Oct 31, 2011


Contemporary Textiles, Book Cover

Contemporary Textiles is a diverse assortment of over fifty profiles for some of the most innovative fiber artists working in contemporary art.  The book begins with a foreword by Jann Haworth, a note from the editor, Nadine Monem, a section titled, Textiles at the Cutting Edge by Bradley Quinn, another section titled, The Art of Fabric by Janis Jefferies, followed by artist profiles categorized under drawings, paintings, sculptures, and space. The book is perfect for prospective contemporary artists looking for inspiration, or those seeking more knowledge on the subject and history.
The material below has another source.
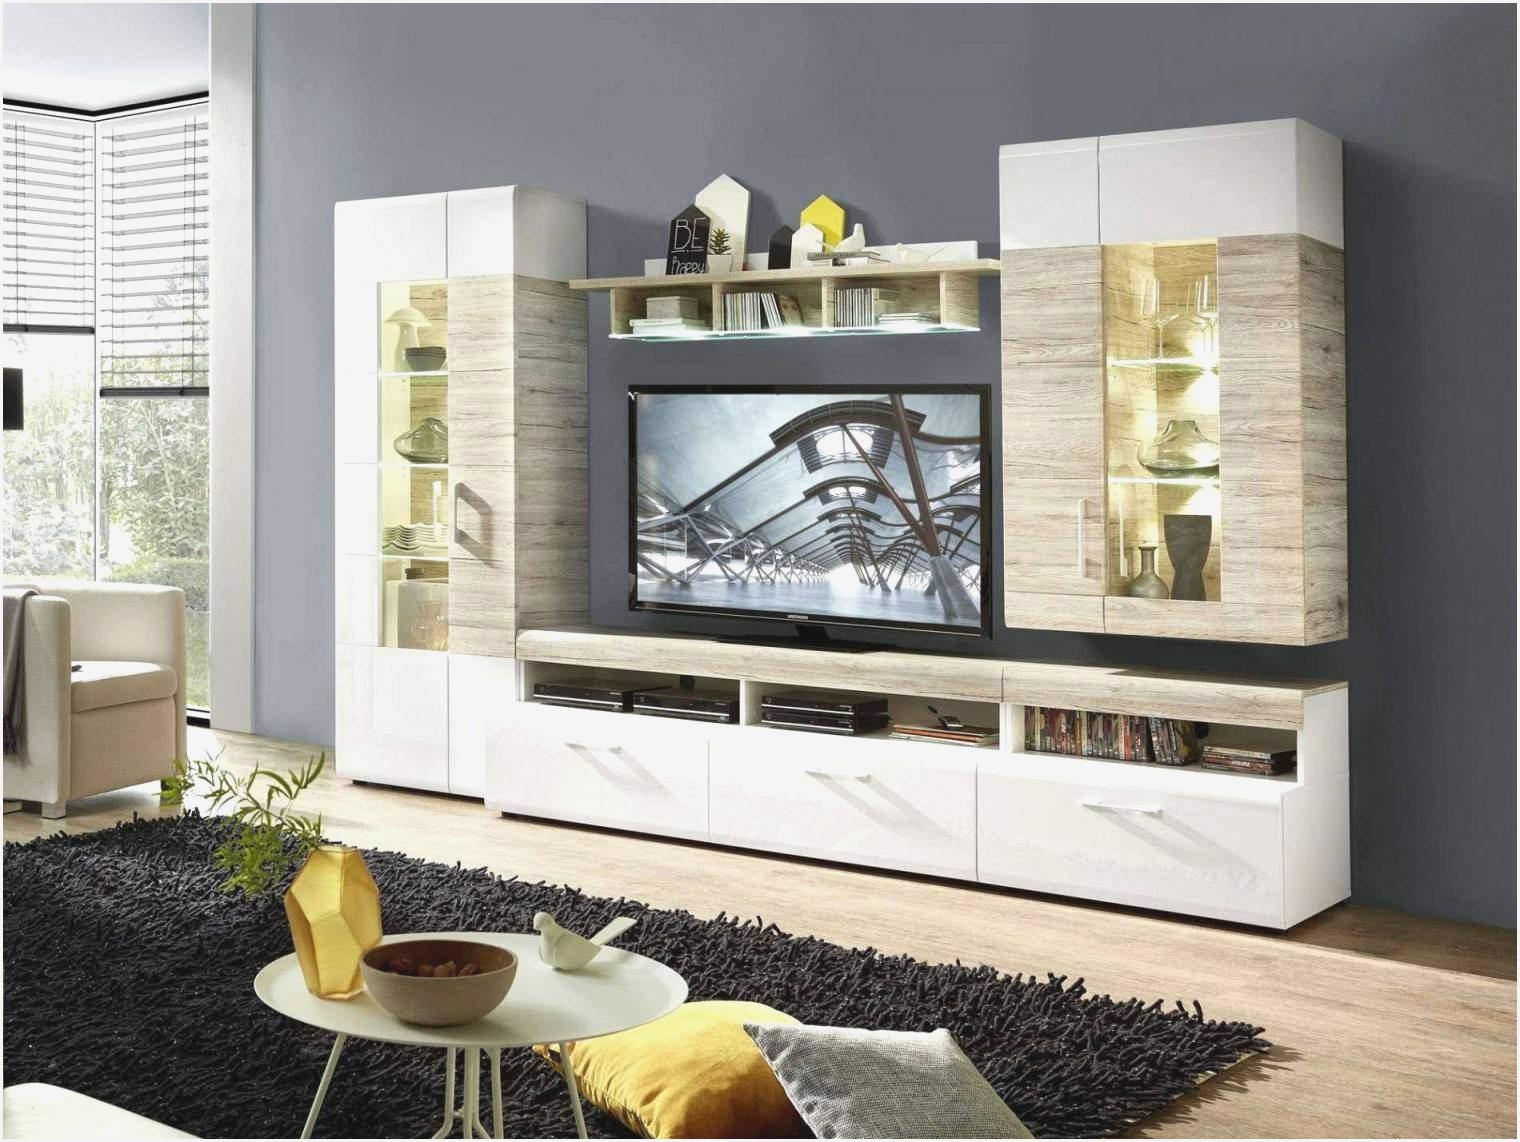 Full Size of Inspiration Wohnzimmer Besta Wohnzimmerschrank Ikea Küche Kosten Sofa Mit Schlaffunktion Miniküche Modulküche Kaufen Betten 160x200 Bei Wohnzimmer Ikea Wohnzimmerschrank

“Everything is the stuff of art.”  A strong quote by Tony Caro in Jann Haworth’s foreword.   Haworth, who has been working in the arts for nearly fifty years, (and is also featured in the book as a renown sculpture artist) writes about some of the issues she faced working as a female artist with what was considered a traditional feminine medium in a male dominated art world.  
The nature of the truly creative is rebellion—against what has been, against habit, the norm, our stamina and the limitation of the ‘known'.  Art is a quest... It is a path into the unknown.  You are about to embark. 
In Textiles at the Cutting Edge, by Bradley Quinn, Quinn writes about fiber artists reclaiming contemporary art as their own.  The artworks became edgier as they merge old techniques and contemporary ideals to form the message that fiber art can be a powerful medium.  Quinn continues this first section by writing a little more about fiber artists that aren’t featured as well as the some of the featured artists that are later shown in the book.  (One of these artists, both featured in Bradley Quinn’s section and in the featured artist profiles is Janet Echelman, an internationally renowned artist, who was invited by the former fibers professor, Jean Laman, to give an artist lecture at Texas State in 2010.)
Following Bradley Quinn, is Janis Jefferies's section titled, Contemporary Textiles: The Art Fabric.  Jefferies begins with a history of a few modern artists that made way for contemporary arts today, followed by the ever-popular subject of what makes a fiber artist, and why fiber art is not exclusively a woman’s craft.  I found Jefferies to be a little chaotic in her writing.  There are important terms and histories about modern fiber art that she discusses, but Jefferies seems to insert her opinion sporadically when touching on a controversial subject.  For example, Jefferies writes a page about Clement Greenberg’s strict definitions of what is kitsch and avant-garde; specifically his outlook on decorative art being tied to mass culture, or wallpaper.  What makes her a chaotic writer, is the random quotes that she pulls from Clement Greenberg to prove her point.  Unfortunately, her point was unclear in a few areas because of the one-word quotes taken from Greenberg.  In the final part of Jefferies's section, she sends a positive message to artists as she writes about contemporary art being the art of technology.  
...we live in exciting times, full of new material possibilities and technological innovation.  Textiles are at the very vanguard of contemporary art practices and social change today.  They are now seen as the material culture of the future, with the potential to transform the way we think, live and behave in an ever-increasing networked culture..
The final portion of the book is artist profiles that are organized thematically such as, drawings, paintings, sculpture and space.  This section makes a point to highlight reputable artists of both sexes from across the world. 
I enjoyed reading this book immensely.  The attitude of the book as a whole seems to take on a defensive one, but with good reason.  Contemporary fiber art books are still filed under the “crafts and hobbies” section at book stores.  The attitude of the book mirrors many fiber artists who have dealt with derogatory remarks about the art being a "woman’s craft".
Contemporary Textiles primarily targets contemporary artists, which is both a positive and negative aspect.  The two sections before the artist profiles written by Quinn and Jefferies require comprehension of the arts and art history.  While this might intrigue an artist or art student, it might drive away someone who has an interest in the subject, but doesn’t have a comprehensive understanding of the arts.